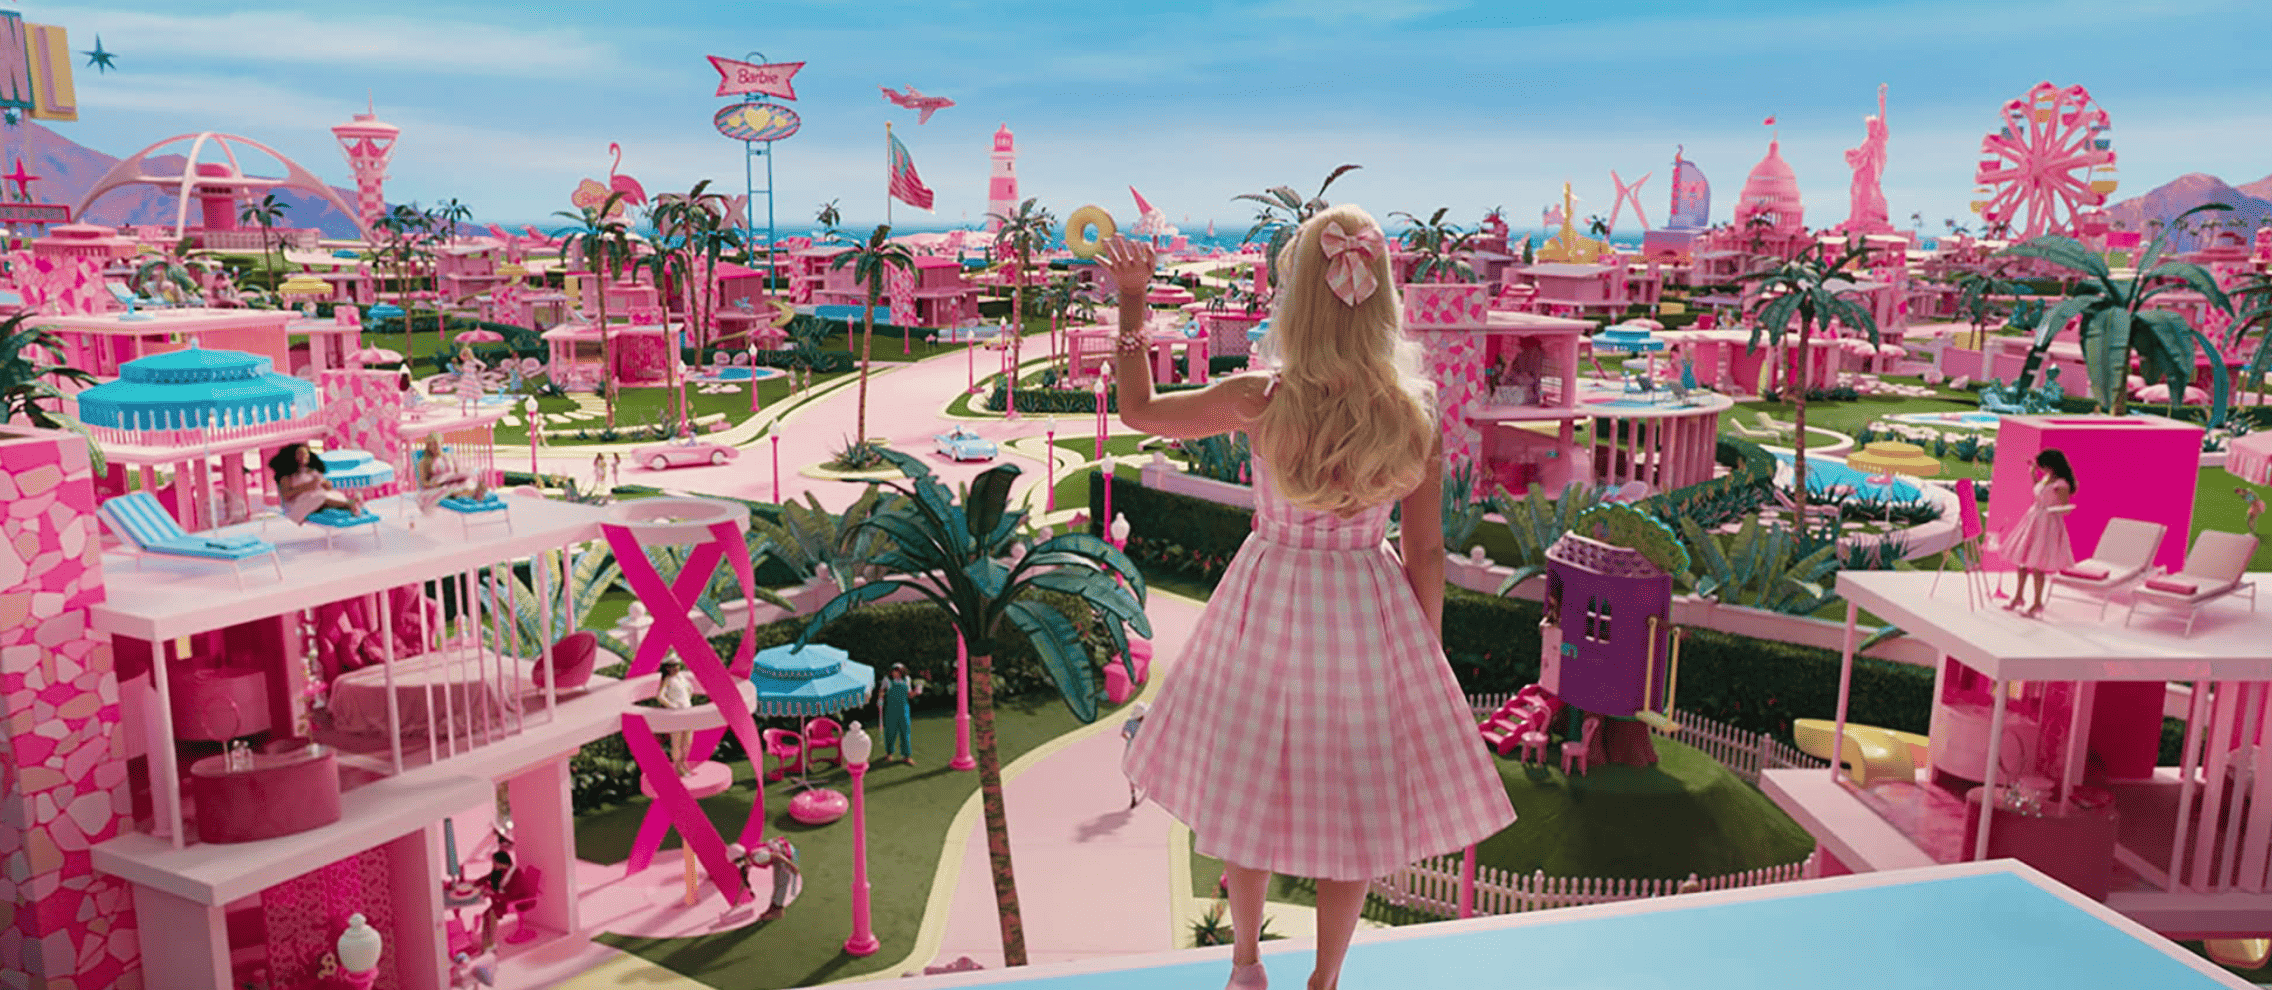 Barbie (Margot Robbie) with her back turned to the camera stands on a roof overlooking Barbie Land, a collection of doll houses and props predominantly in a bright pink color in this image from HeyDay Films.
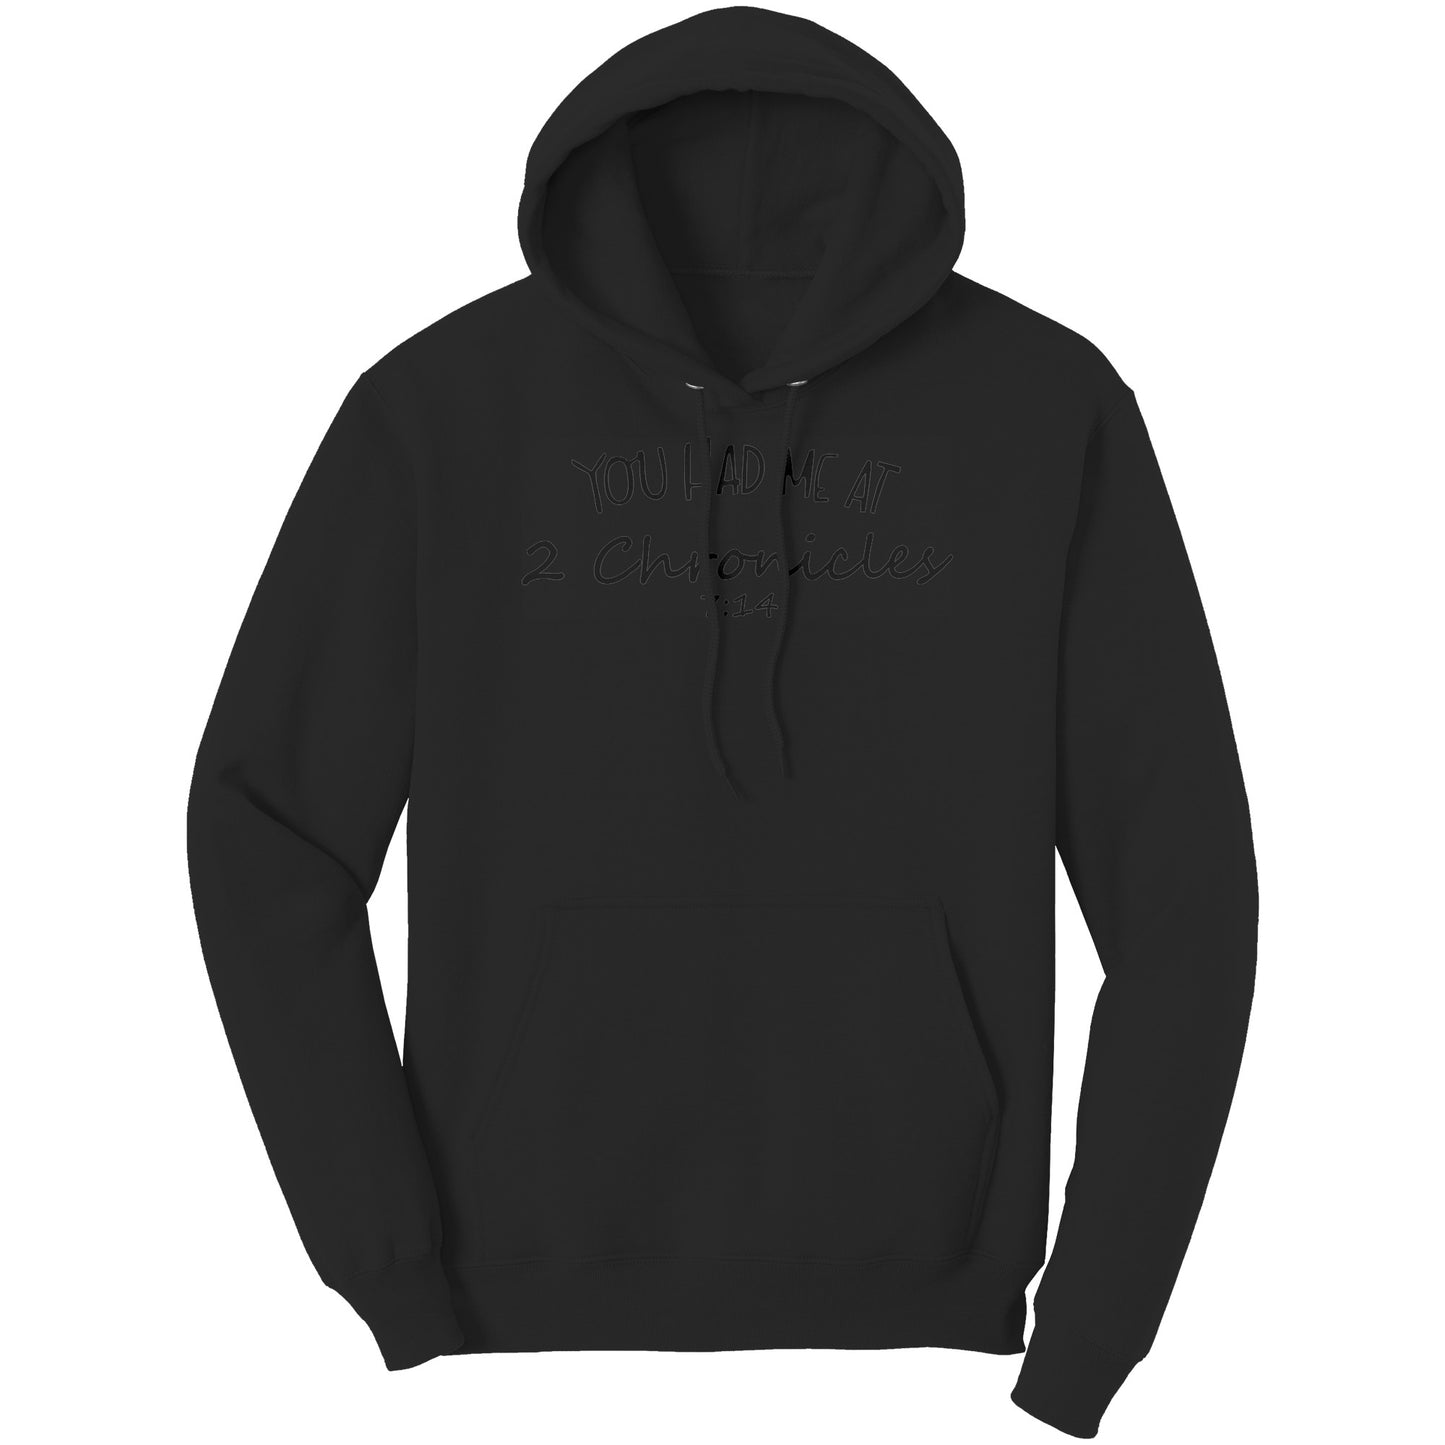 You Had Me At 2 Chronicles 7:14 Hoodie Part 1
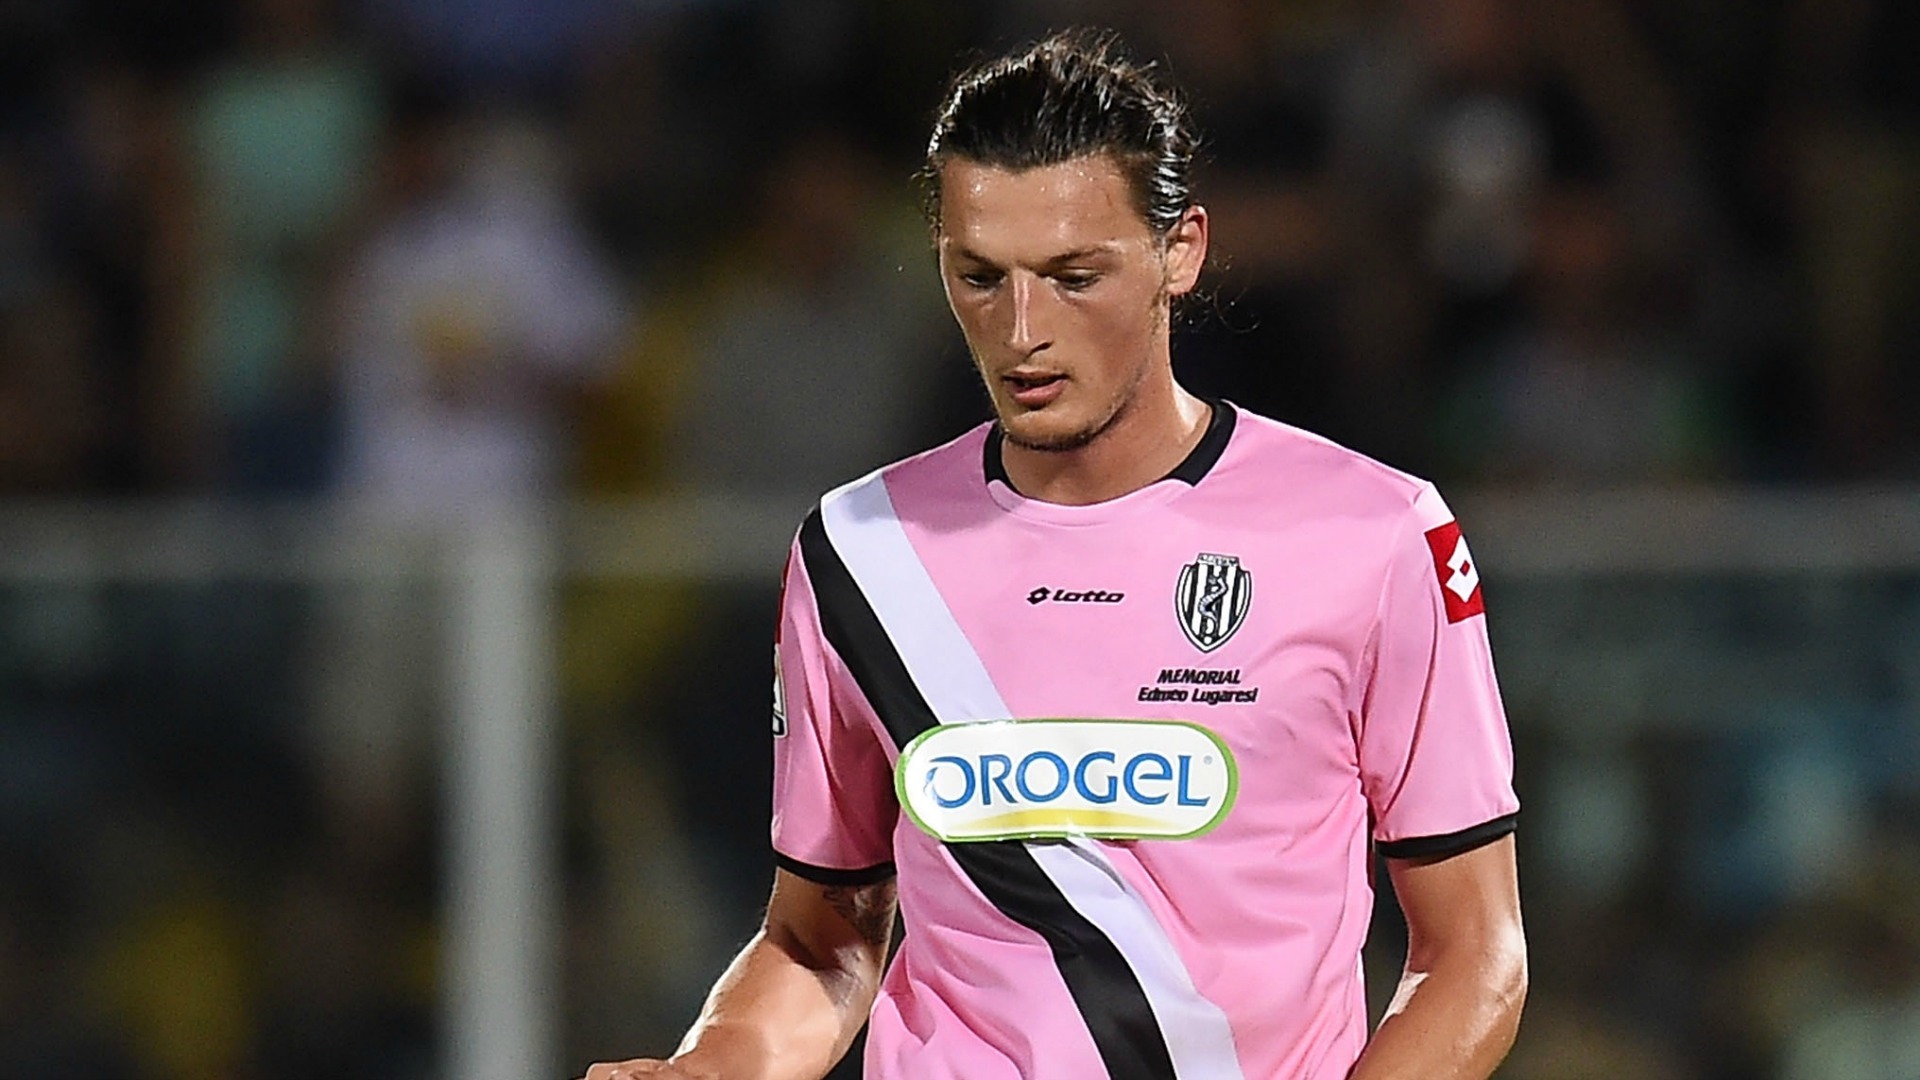 Milan Djuric was reportedly subject of a £720,000 bid from Celtic

● Exercise requirements: Could you write out the whole listing exactly, dropping the pictures?

● Solution to the exercise:
 Barbie (Margot Robbie) with her back turned to the camera stands on a roof overlooking Barbie Land, a collection of doll houses and props predominantly in a bright pink color in this image from HeyDay Films.
 You Had Me At 2 Chronicles 7:14 Hoodie Part 1
 Milan Djuric was reportedly subject of a £720,000 bid from Celtic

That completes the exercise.